In-solution tryptic digestion of the proteins and virus was performed. Briefly, standard proteins lysozyme and bovine serum albumin (BSA) were adjusted to a concentration of 1 mg/mL in 50 mM NH₄HCO₃, pH 7. Samples were reduced with DTT, and treated with iodoacetamide to alkylate cysteines and then incubated with trypsin at 37°C overnight. For the influenza virus, 50 μg of the virus (corresponding to 38.5 μL of the virus suspension) were concentrated to near dryness in a vacuum concentrator, resuspended in 50 μL digestion buffer (50 mM NH₄HCO₃, 10% Acetonitrile, 2 mM DTT) and incubated at 37°C for 4 h prior to the addition of trypsin and overnight digestion.
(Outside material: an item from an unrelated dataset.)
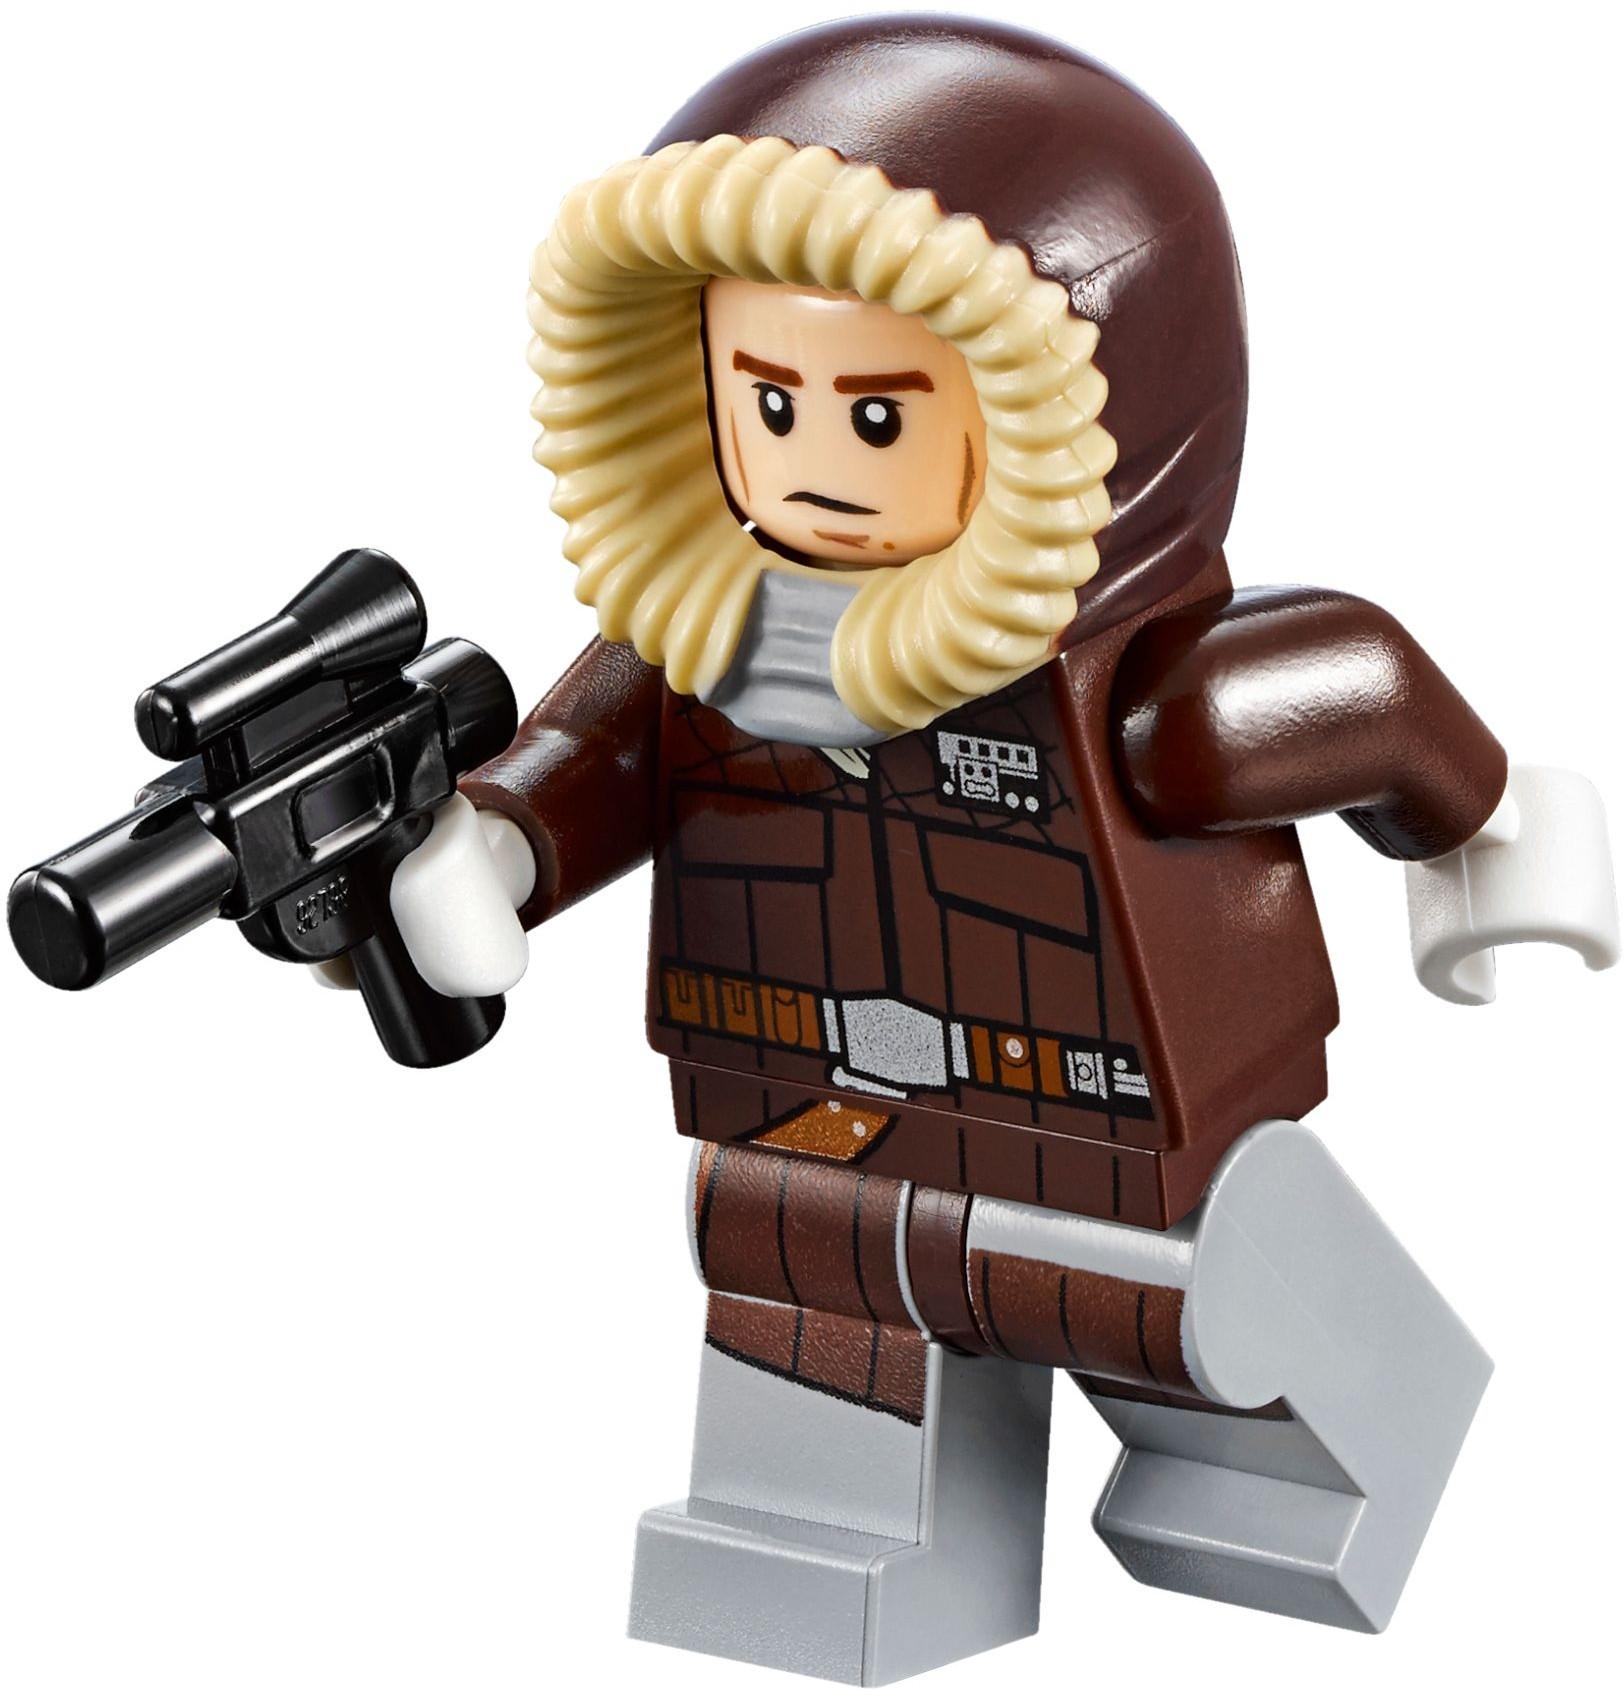 Han Solo | Hoth Attack

All digestions were performed at a 1:100 trypsin to protein ratio.

Liquid chromatography – Mass spectrometry

Proteolytic samples were analysed by LC-MS, using a nanoflow HPLC system (Agilent 1100, Agilent Technologies) coupled with a quadrapole time-of-flight mass spectrometer (QStar XL Hybrid, Applied Biosystems) equipped with a nanospray source. Samples were loaded onto a reverse phase C₁₈ column (Zorbax Eclipse XDB, 5 μm, 0.3 × 150 mm) and eluted into the ion source at a flow rate of 0.8 μL/min using a mobile phase of H₂O (Buffer A)/acetonitrile (Buffer B). Specifically, the gradient conditions were as follows: 95:5 (A:B) at 0 min, changing linearly to 90:10 (A:B) at 5 min, changing linearly to 50:50 (A:B) at 40 min, changing linearly to 30:70 (A:B) at 45 min, changing linearly to 95:5 (A:B) at 50 min and then unchanged until the completion of the run at 60 min.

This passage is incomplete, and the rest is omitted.